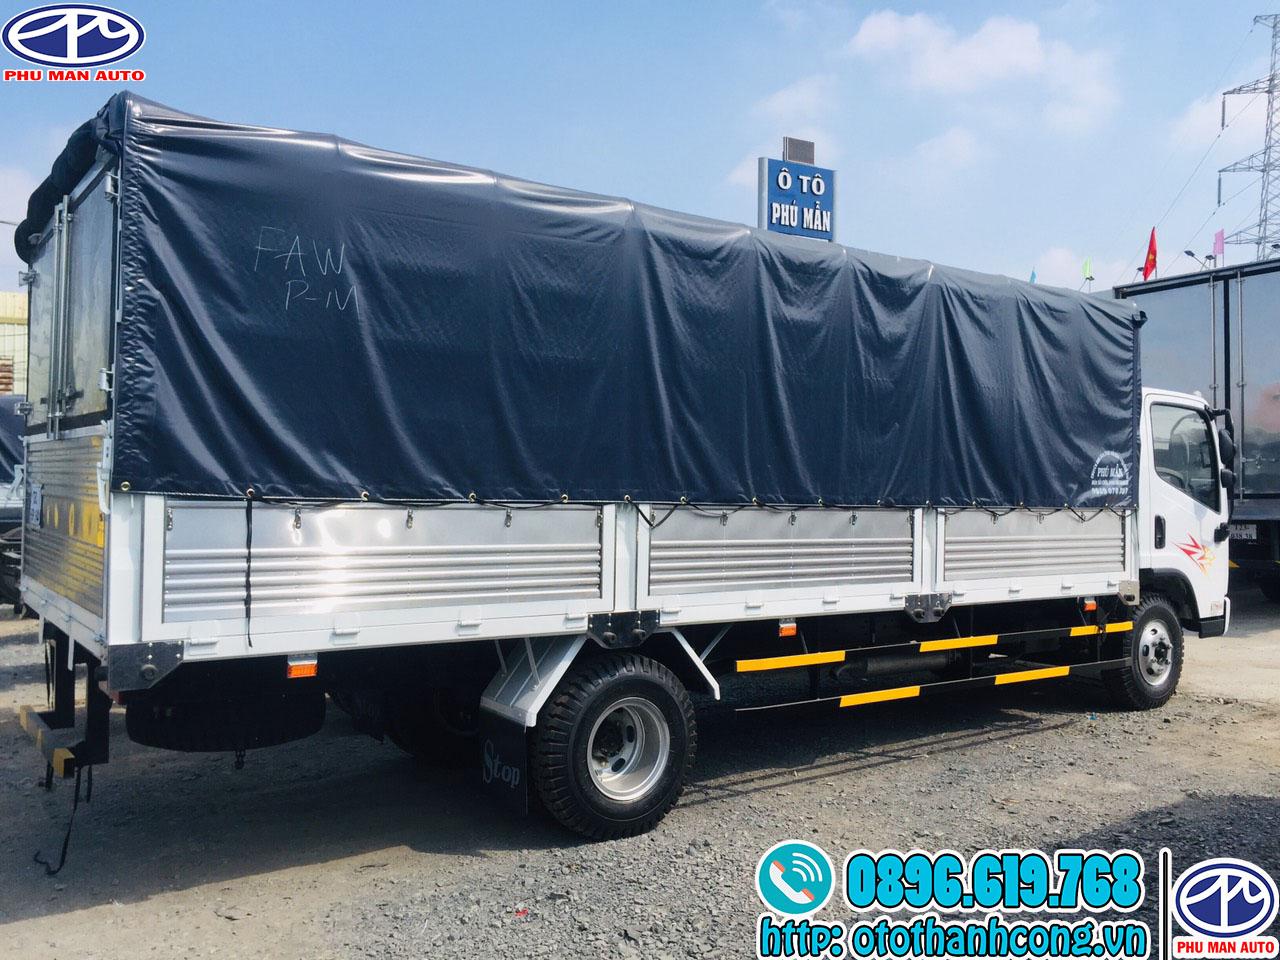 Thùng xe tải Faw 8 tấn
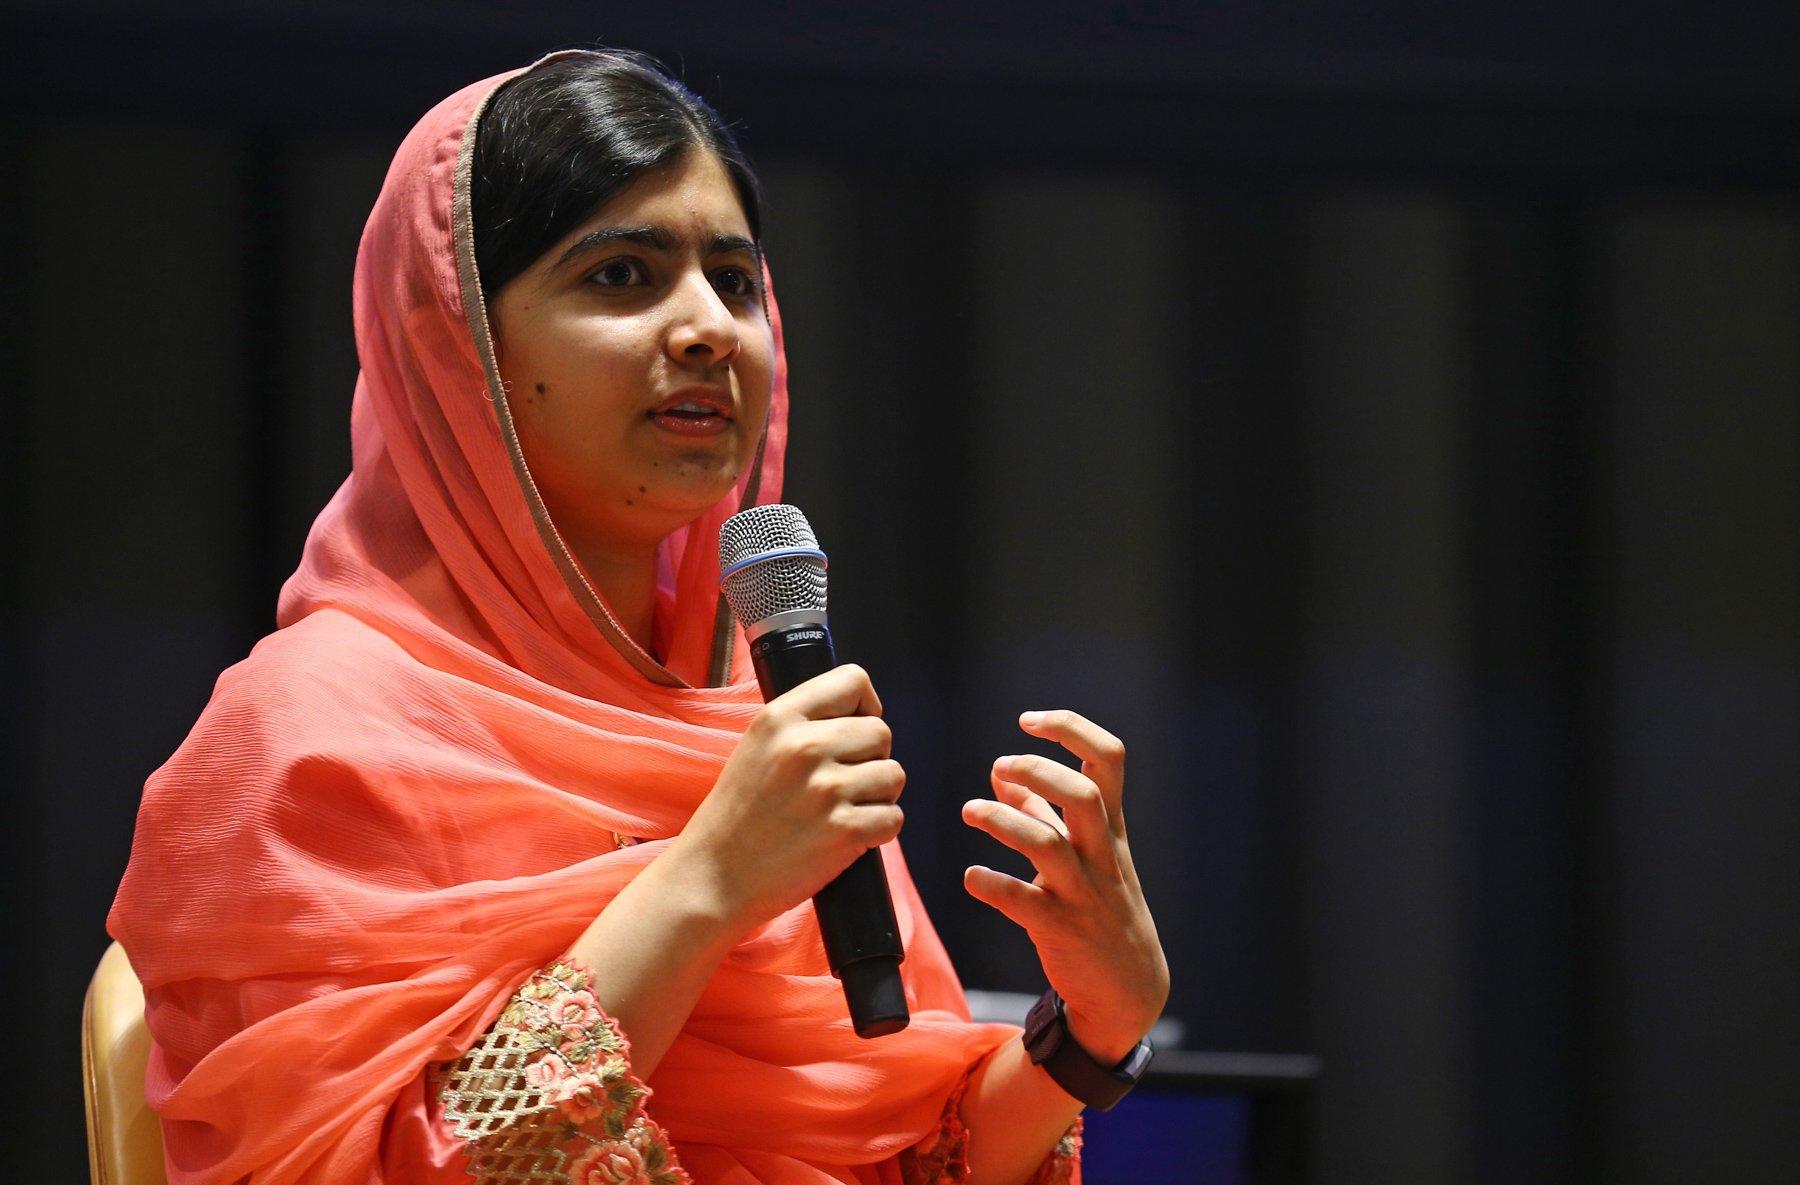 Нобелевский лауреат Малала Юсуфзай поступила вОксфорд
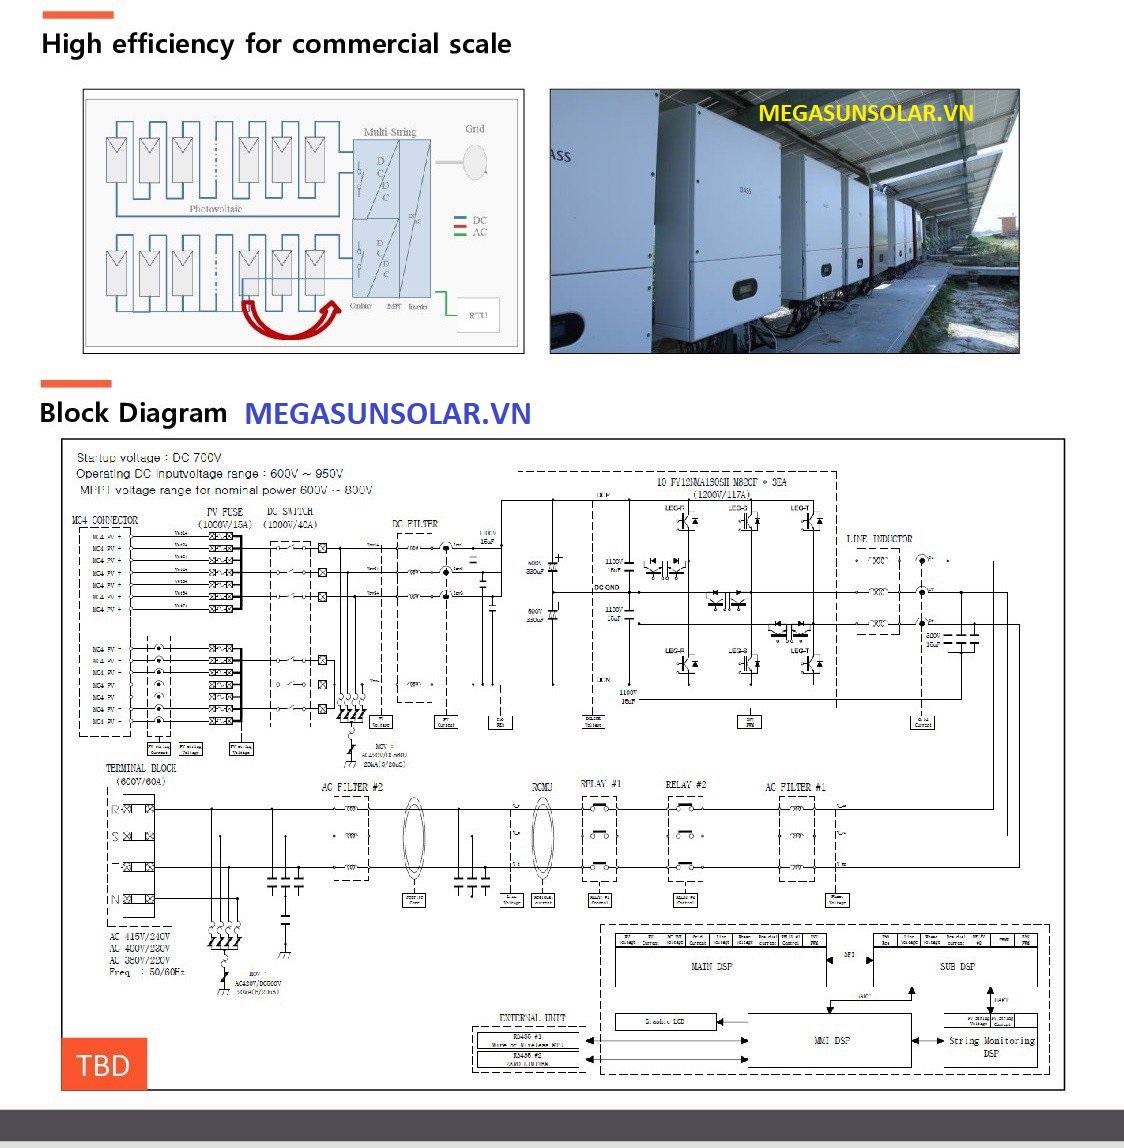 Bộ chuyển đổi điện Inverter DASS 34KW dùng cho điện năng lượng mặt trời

--

#### HOW TO COMPLETE THIS TASK:
Pictures stay out of the copy; print the material above exactly.

#### ANSWER TO THIS PROBLEM:
 Thùng xe tải Faw 8 tấn
 Нобелевский лауреат Малала Юсуфзай поступила вОксфорд
 Bộ chuyển đổi điện Inverter DASS 34KW dùng cho điện năng lượng mặt trời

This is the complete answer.